If two deuterium nucleii can be coaxed together into a helium-4 by whatever method then you will get a ~23MeV excess of energy. It matters not at all whether this is in a hot plasma, or whether this can be done by incantations at midnight with bat's ears between your toes. The process just doesn't matter. Not at all. Not in the slightest.
So what you will end up with is 23MeV to turn into heat, one way or the other. Again, it just doesn't matter what particle mediates that, it will be 'radiation' whatever it is. The only conceivable way that this isn't going to radiate [dangerously, at measurable heat levels] is if that 23MeV is somehow magically carried away by many thousands of lower energy particles. If you are suggesting a 4He fires off with 23MeV, then that *is* radiation and it will induce many follow-on nuclear reactions. I mean, Rutherford was transforming N to O with just pissy little alphas from another decay. Try hammering a 23MeV alpha into something! It has a small range because it gives up its energy so effectively to what it's hitting - not because it is a lesser radioactive hazard but because it is a greater one.
But this is STILL fairy stories - if you observe two deuterium nucleii in "their" inertial frame (viz, the one in which they have the least KE sum) then they will come together and just sit there, stationary, in that inertial frame. They CAN'T shoot off at 23MeV worth of KE, it defeats the laws of momentum conservation.
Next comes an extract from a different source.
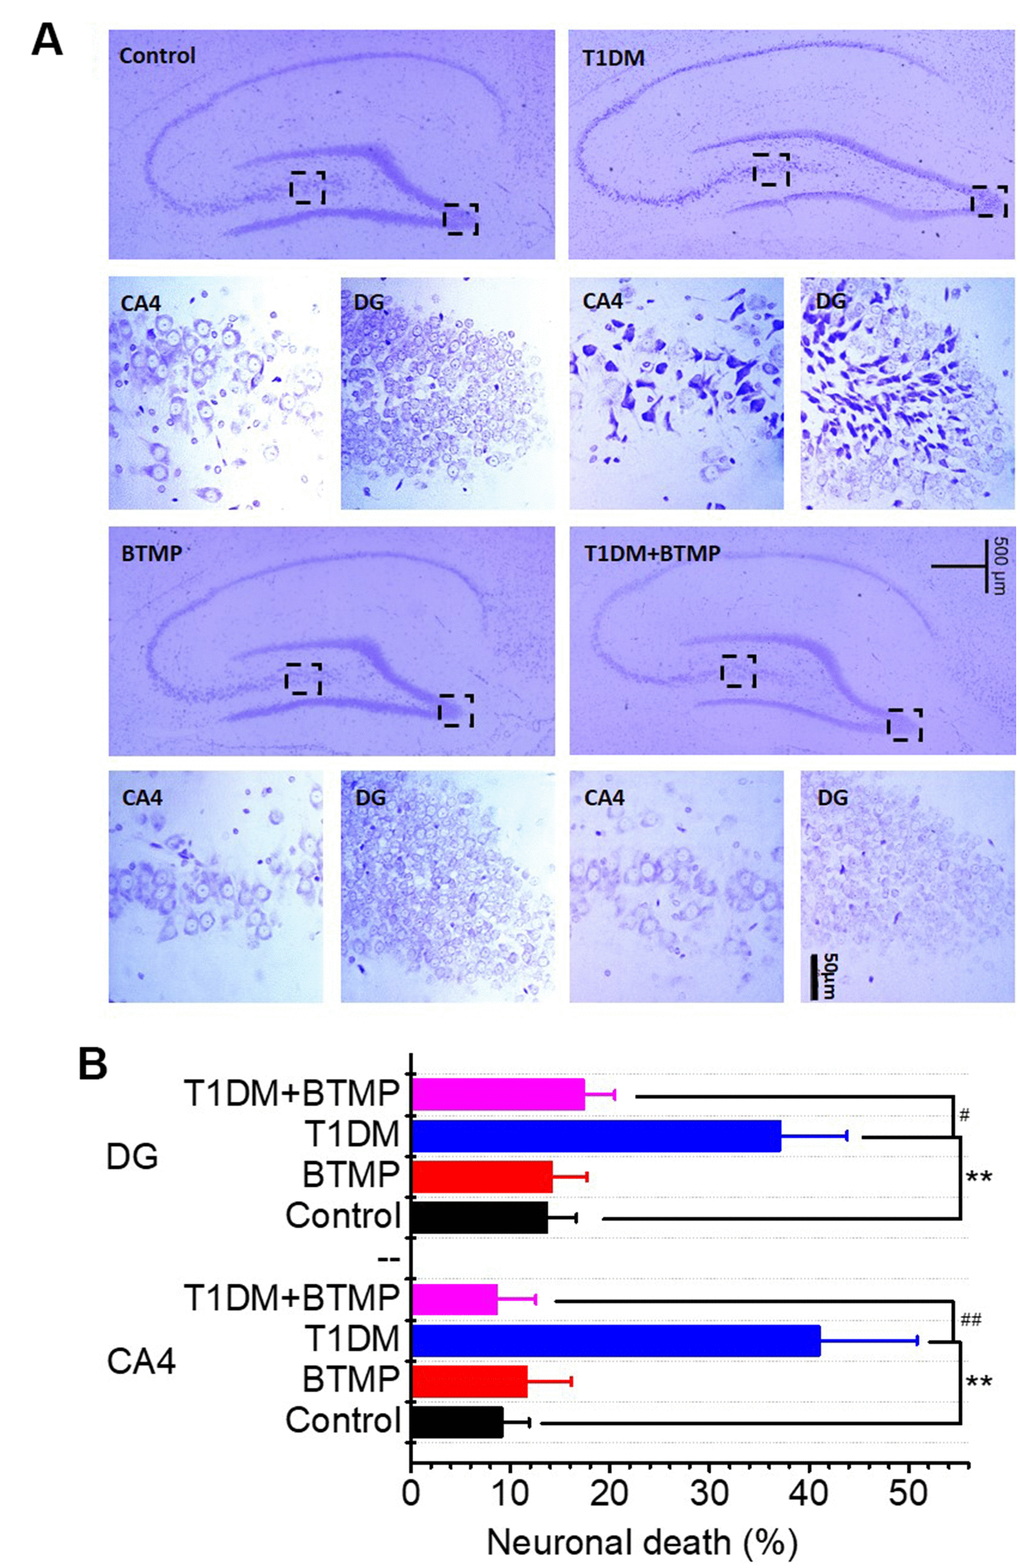 Nissl staining of hippocampal neurons of rats treated with BTMP. Animal groups and treatment were as described in Figure 2 except that hippocampal slices were prepared and stained with cresyl violet (panel A). Numbers of necrotic neurons were counted under a microscope as described in the Materials and Methods (panel B). The number of those groups are control (n=10), BTMP (n=9), T1DM (n=10) and T1DM+BTMP (n=10). All values are expressed as the mean ± S.E.M. “*” compared to the control group. “#” represents the difference between the T1DM and T1DM+BTMP groups. All values are expressed as the mean ± S.E.M. **, P P P

In the real world, that means they have to give up the energy as hv.
So I repeat again, for very specific and damned good objective reasons, that there is no possible way that a claim for measurable heat *from an unguarded nuclear process*, from someone who is still alive, is not bogus.
But I repeat and call your attention to what I wrote - I have no complaint with the experiments and look upon them with interest. It is the claims that are utter rubbish.
Though I will also add this; let us say that there *is* excess heat and that there *is* evidence of some nuclear process at play. What is the presumption then that both are from the same cause? If someone were to come to me and say "hey, most of this heat is some complex chemistry we don't quite understand and, by the way, there are a very small number of nuclear reactions as well", well, maybe I could listen to that. But I absolutely stand by what I say, and I say it for objective reasons, there is no way an unguarded nuclear process of D+D->4He can be observed to generate heat by anyone alive. To say otherwise is as daft as saying the Sun burns coal. It is not at all a "faith based" observation, and I am very riled that you'd suggest it may be so. If you think I am wrong then just say "I think your objective analysis is wrong": THAT I can handle!
But to say my analysis is driven by some in-built anti-quack faith-based belief thing??... Of all people to say that to! You're throwing eggs at the wrong guy there.